The following example demonstrates how to use HTTP source and Grok prepper plugins to process unstructured log data.

  1. log-pipeline:
  2. source:
  3. http:
  4. ssl: false
  5. processor:
  6. - grok:
  7. match:
  8. log: [ "%{COMMONAPACHELOG}" ]
  9. sink:
  10. - opensearch:
  11. hosts: [ "https://opensearch:9200" ]
  12. insecure: true
  13. username: admin
  14. password: admin
  15. index: apache_logs

This example uses weak security. We strongly recommend securing all plugins which open external ports in production environments.

Trace analytics pipeline

The following example demonstrates how to build a pipeline that supports the Trace Analytics OpenSearch Dashboards plugin. This pipeline takes data from the OpenTelemetry Collector and uses two other pipelines as sinks.
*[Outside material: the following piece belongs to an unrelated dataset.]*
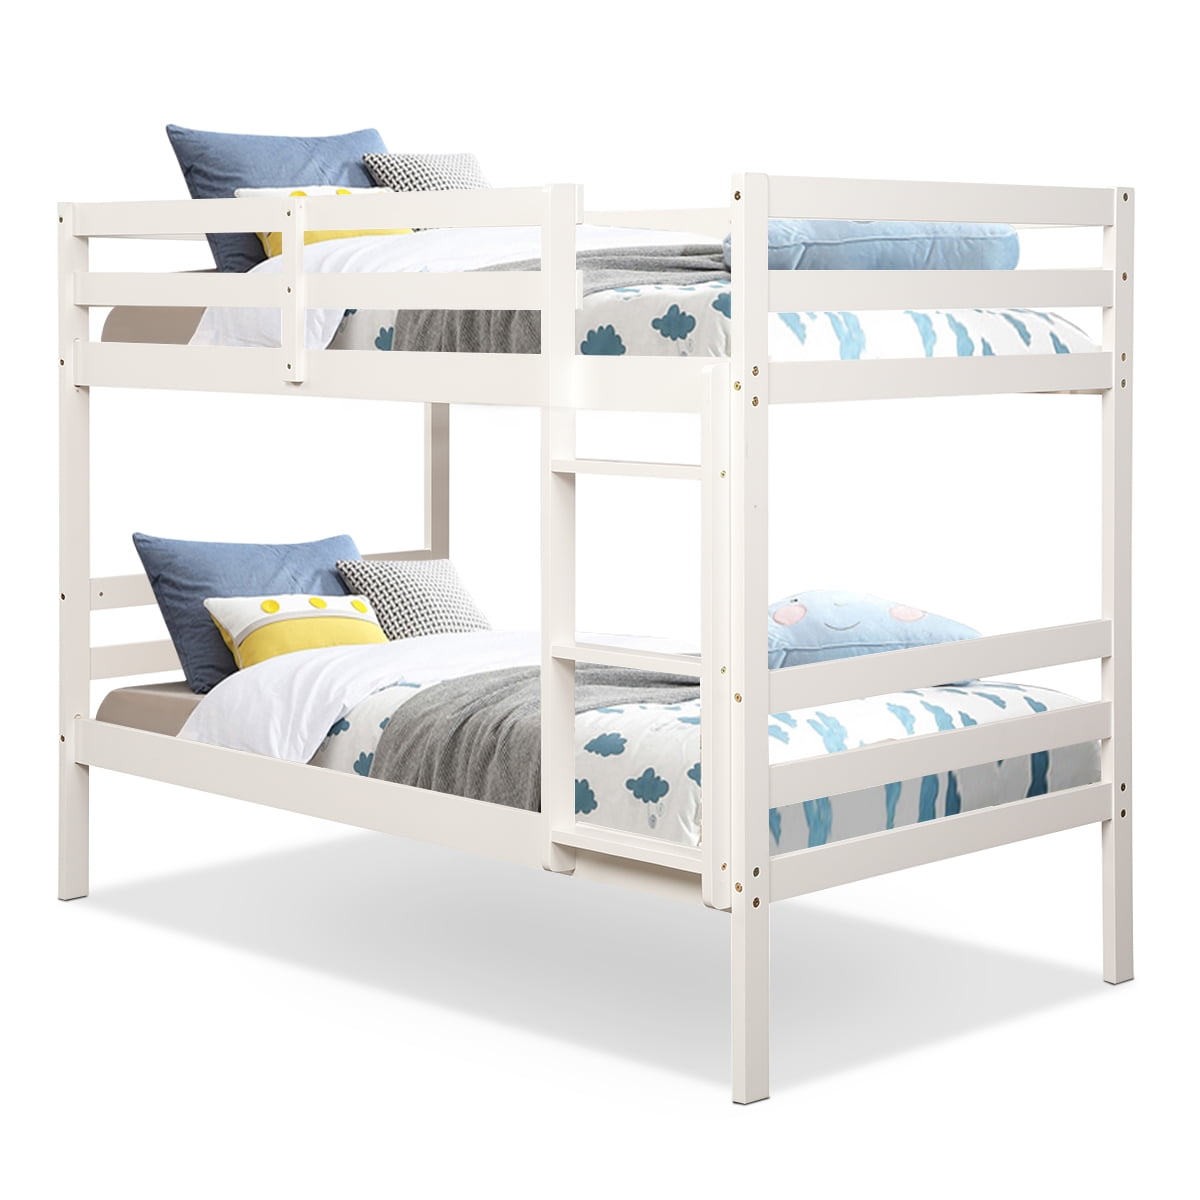 Costway Twin Over Wood Bunk Beds, White Bunk Bed Ladder

These two separate pipelines index trace and the service map documents for the dashboard plugin.

Classic

This pipeline definition will be deprecated in 2.0. Users are recommended to use Event record type pipeline definition.

  1. entry-pipeline:
  2. delay: "100"
  3. source:
  4. otel_trace_source:
  5. ssl: false
  6. sink:
  7. - pipeline:
  8. name: "raw-pipeline"
  9. - pipeline:
  10. name: "service-map-pipeline"
  11. raw-pipeline:
  12. source:
  13. pipeline:
  14. name: "entry-pipeline"
  15. processor:
  16. - otel_trace_raw_prepper:
  17. sink:
  18. - opensearch:
  19. hosts: ["https://localhost:9200"]
  20. insecure: true
  21. username: admin
  22. password: admin
  23. index_type: trace-analytics-raw
  24. service-map-pipeline:
  25. delay: "100"
  26. source:
  27. pipeline:
  28. name: "entry-pipeline"
  29. processor:
  30. - service_map_stateful:
  31. sink:
  32. - opensearch:
  33. hosts: ["https://localhost:9200"]
  34. insecure: true
  35. username: admin
  36. password: admin
  37. index_type: trace-analytics-service-map

Event record type

Starting from Data Prepper 1.4, Data Prepper supports event record type in trace analytics pipeline source, buffer, and processors.

  1. entry-pipeline:
  2. delay: "100"
  3. source:
  4. otel_trace_source:
  5. ssl: false
  6. record_type: event
  7. buffer:
  8. bounded_blocking:
  9. buffer_size: 10240
  10. batch_size: 160
  11. sink:
  12. - pipeline:
  13. name: "raw-pipeline"
  14. - pipeline:
  15. name: "service-map-pipeline"
  16. raw-pipeline:
  17. source:
  18. pipeline:
  19. name: "entry-pipeline"
  20. buffer:
  21. bounded_blocking:
  22. buffer_size: 10240
  23. batch_size: 160
  24. processor:
  25. - otel_trace_raw:
  26. sink:
  27. - opensearch:
  28. hosts: ["https://localhost:9200"]
  29. insecure: true
  30. username: admin
  31. password: admin
  32. index_type: trace-analytics-raw
  33. service-map-pipeline:
  34. delay: "100"
  35. source:
  36. pipeline:
  37. name: "entry-pipeline"
  38. buffer:
  39. bounded_blocking:
  40. buffer_size: 10240
  41. batch_size: 160
  42. processor:
  43. - service_map_stateful:
  44. sink:
  45. - opensearch:
  46. hosts: ["https://localhost:9200"]
  47. insecure: true
  48. username: admin
  49. password: admin
  50. index_type: trace-analytics-service-map

Note that it is recommended to scale the buffer_size and batch_size by the estimated maximum batch size in the client request payload to maintain similar ingestion throughput and latency as in Classic.

Metrics pipeline

Data Prepper supports metrics ingestion using OTel. It currently supports the following metric types:

  • Gauge
  • Sum
  • Summary
  • Histogram

Other types are not supported. Data Prepper drops all other types, including Exponential Histogram and Summary. Additionally, Data Prepper does not support Scope instrumentation.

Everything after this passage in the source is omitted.